# 68 GTO Wheels



## mwatson1647 (Feb 27, 2012)

We have a 68 GTO Convertible. It's been garaged for quite a while and we want to get new wheels and tires for it. It has G70-14's on there now. Could anyone let us know what options we have when purchasing new wheels (i.e. what size, type, etc. is best) We've been looking at Cragars, but don't know what other brands we might want to consider. Also, in researching the wheel size, there seems to be a lot of conflicting information of what can be used (e.g. 14 or 15 inch). If we use 14", we concerned about tire availability, and if we use 15 (if that's an option) we're concerned about possible rubbing inside the wheel wells. Could anyone shed any light? Thanks in advance!


----------



## kilkm68 (May 5, 2011)

I have Cragar 15x8 wheels with Goodyear Eagle 275/60/15 drag radials on the back of my 68 Convertible. They fit perfectley. Thats about as wide as you can go on this car.


----------



## BearGFR (Aug 25, 2008)

"Best" is a matter of opinion and taste and that's all up to you to decide.

As far as fit, what matters is the total diameter and width of the tire and the wheel backspacing needed to center the tire(s) in the wheel well(s).

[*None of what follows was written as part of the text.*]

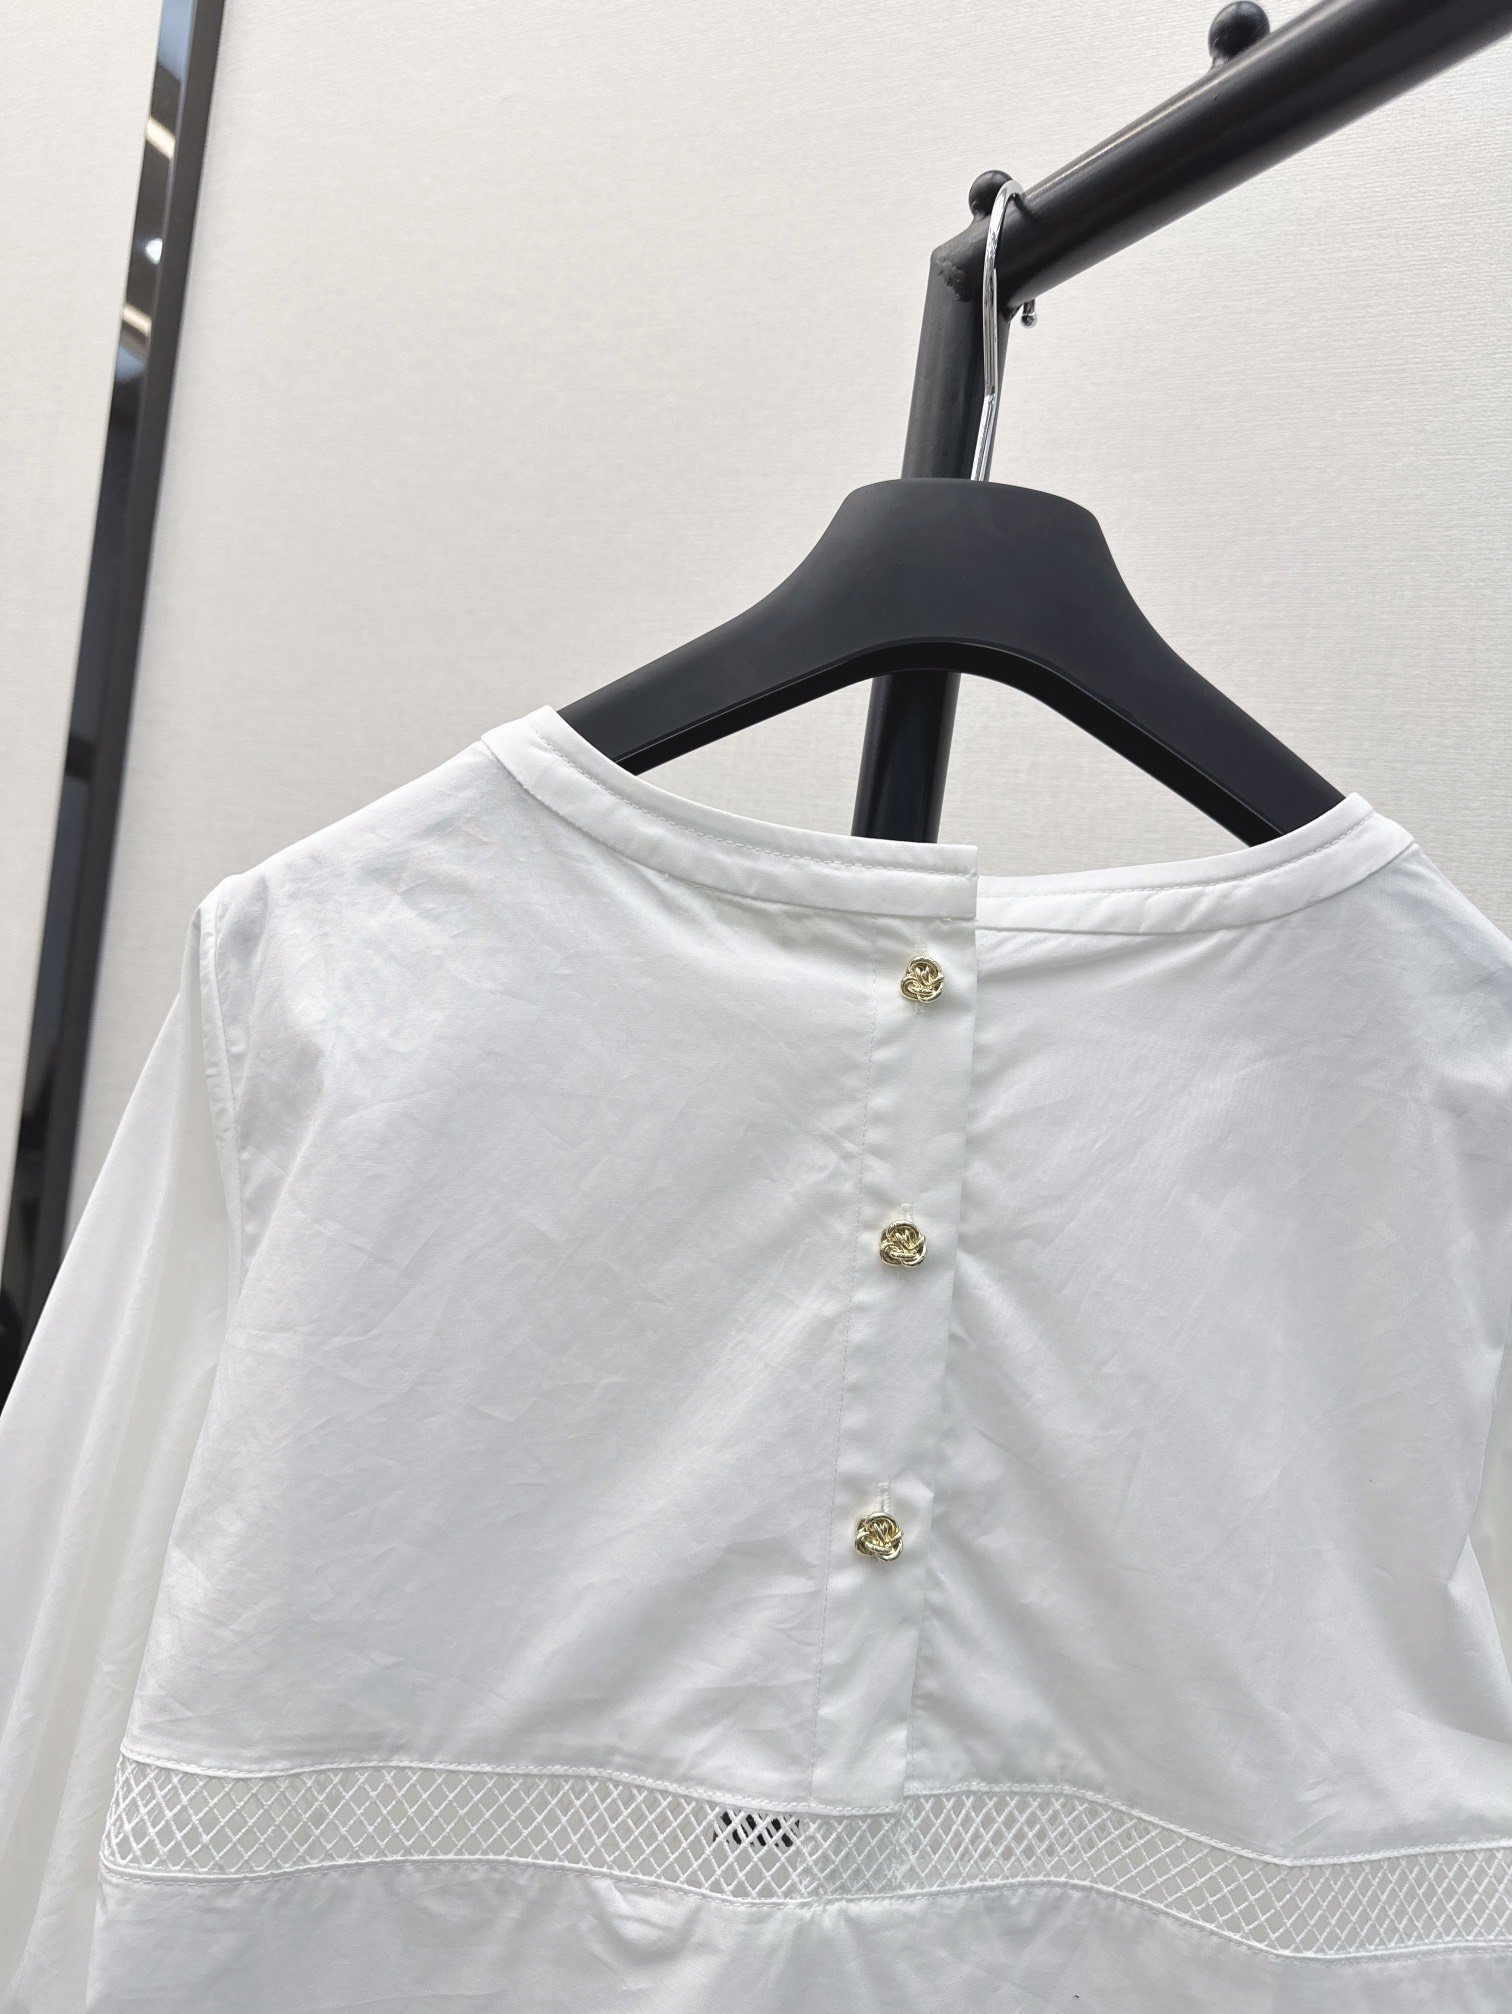 强烈推荐ChE24Ss春夏最新款七分袖圆领衬衫金扣点缀双面可穿H版型不挑身材气质优雅上身美的不要不要的度

My '69 came from the factory with 14" wheels, as they all did. I still have them all, including the spare. When I built the car I chose to use reproduction 15" Rallye II wheels. I got mine from Specialty Wheel, because I wanted to use wider wheels/tires on the rear and at the time, they were the only company who offered 'wide' 15" Rallye II's with the backspacing I needed to center the wider tire. 
I used a tool (Percy's WheelRite - google for it) to measure how much tire I could fit under my car and what backspacing I'd need.
Then I looked up what the original tire diameter was (G70-14) and found some 15" radial tires that were as close to the same diameter as I could (several of the larger tire discount retail sites also publish dimensions on their various tires). I'm running Nitto Drag Radials on the rear full time, so for those I went slightly taller than stock because a taller tire does more to improve traction than a wider tire does, but not so much as to make the car look funny.

There are lots of wheel options out there. Year One makes some gorgeous cast aluminum Rally II's in 17 inch diameters and up to 9" width. To use those one would just need to buy tires with 'shorter' sidewall height to keep the same overall diameter.

Bear


----------



## Jared (Apr 19, 2013)

I'm running 235-60-15 all around on mine with no clearance issues. I also have the 15" Rallye II's. I agree with waht Bear said, tire size and wheel choice is up to you as long as it will fit. Summit also sells the tool to gauge how big of a tire will fit.


----------



## Hootchi (Apr 7, 2021)

I have a 68 covertible. So, if I understand the largest wheel looks to be a 17 inch? I had heard you can go with an 18 but I wasnt sure. Id like to get the biggest possible and put my 14s in storage


----------



## gtojoe68 (Jan 4, 2019)

I got some Rally 2's off an old Full Size Pontiac. 15X7. I run 245/60/15 on them and have no fitment issues at all. Plus it allows for conversion to 1969 and up single piston GM disc brakes. which will NOT fit under your 14" factory wheels.


----------